Joshua Friedel lost to Shabalov in the recent New England Masters.

998

On move 62 …Ke3??, Joshua missed his draw. In reviewing the entire game, it appeared to me that both players were making many moves that Fritz 10 thought were best. Would you say that computer training is getting to be a primary source of many players' lines today?

I am guiding my PC through 21- 24 ply per move for a month, no book. Considering an average game is 80 ply, 21 ply is 25%, so that’s pretty good. I collect the sublines of 20 sublines per move. Fritz 10 wants to play a Ruy Lopez Arc Angel variation. On the first move white’s 1. e4 was credited a .25pt advantage, but by move 10 Black has achieved -.3 advantage.
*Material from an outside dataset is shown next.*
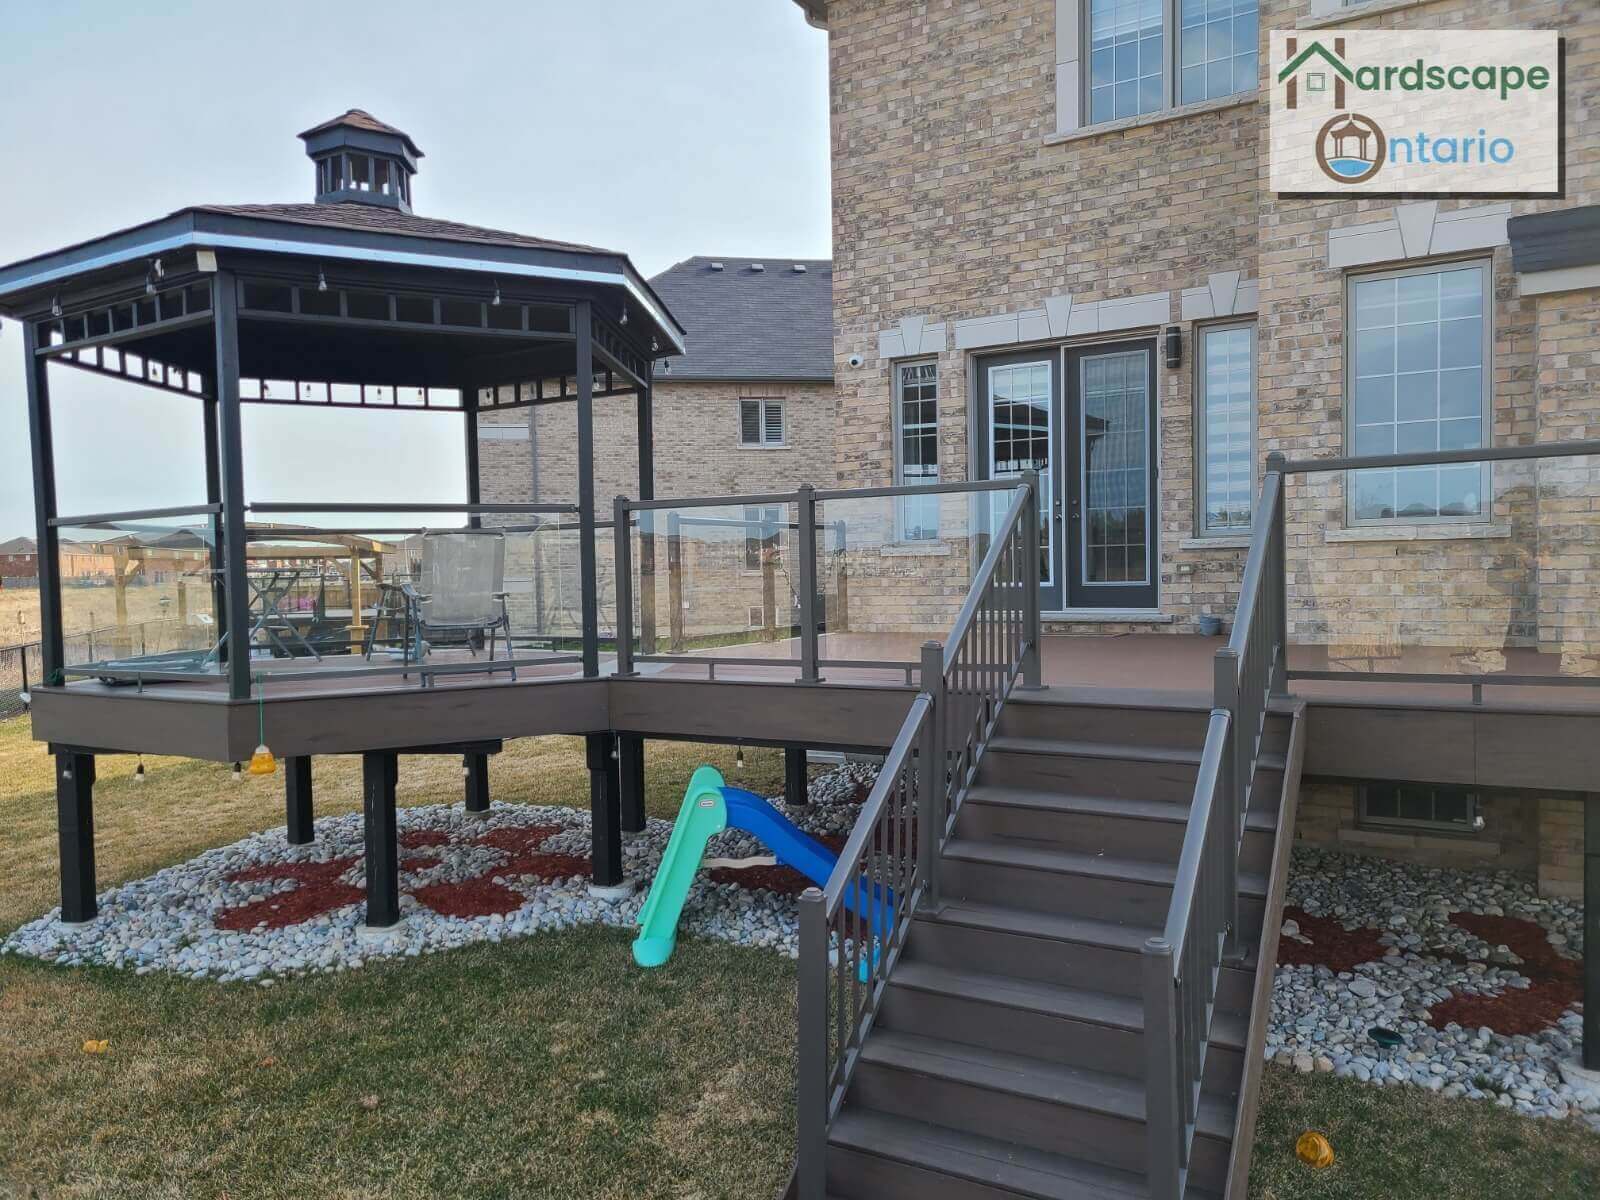 Hexagonal shaped gazebo with an incredible designed roof and tempered glass bars for protection also levelled wooden deck with tinted glass bar screens for protection with some wooden stairs. Under the deck is designed with river rock and brown mulch.

I am going to play it out, but it may be that White has been too aggressive.

Thank you,
S. Warren Lohr



Dear Warren,

I’m not ashamed to say I can’t answer parts of your question.  Please keep in mind that my degree is in history.  But I will address the parts I think I understand.

1)    PCs have obviously greatly increased in power since 1997, but chess engines do their searches differently as well, which contributes to their greater search depth.

2)    Grandmasters don’t copy their opening moves from computer programs.  But they do test their opening ideas on the computer to assess their value and look for possible replies.

3)    Almost any grandmaster game will have a high correlation to almost any search engine.  Most good moves are fairly obvious to good players.  It was quite absurd when Topalov pointed to a high correlation of Kramnik’s moves to search engines as “proof” that Kramnik was cheating.  [Though agreement of specific moves can sometimes be relevant, especially for weaker players]

4)    Computer evaluations are at their most meaningless in the opening.  When there are no obvious tactics or material imbalance, judgment reigns.  Computers often have biases that make them stronger in the middlegame but produce unsightly moves in the opening on occasion.  In the game you  were testing on Fritz10, the differences in scores are so tiny that they have no relevance at all.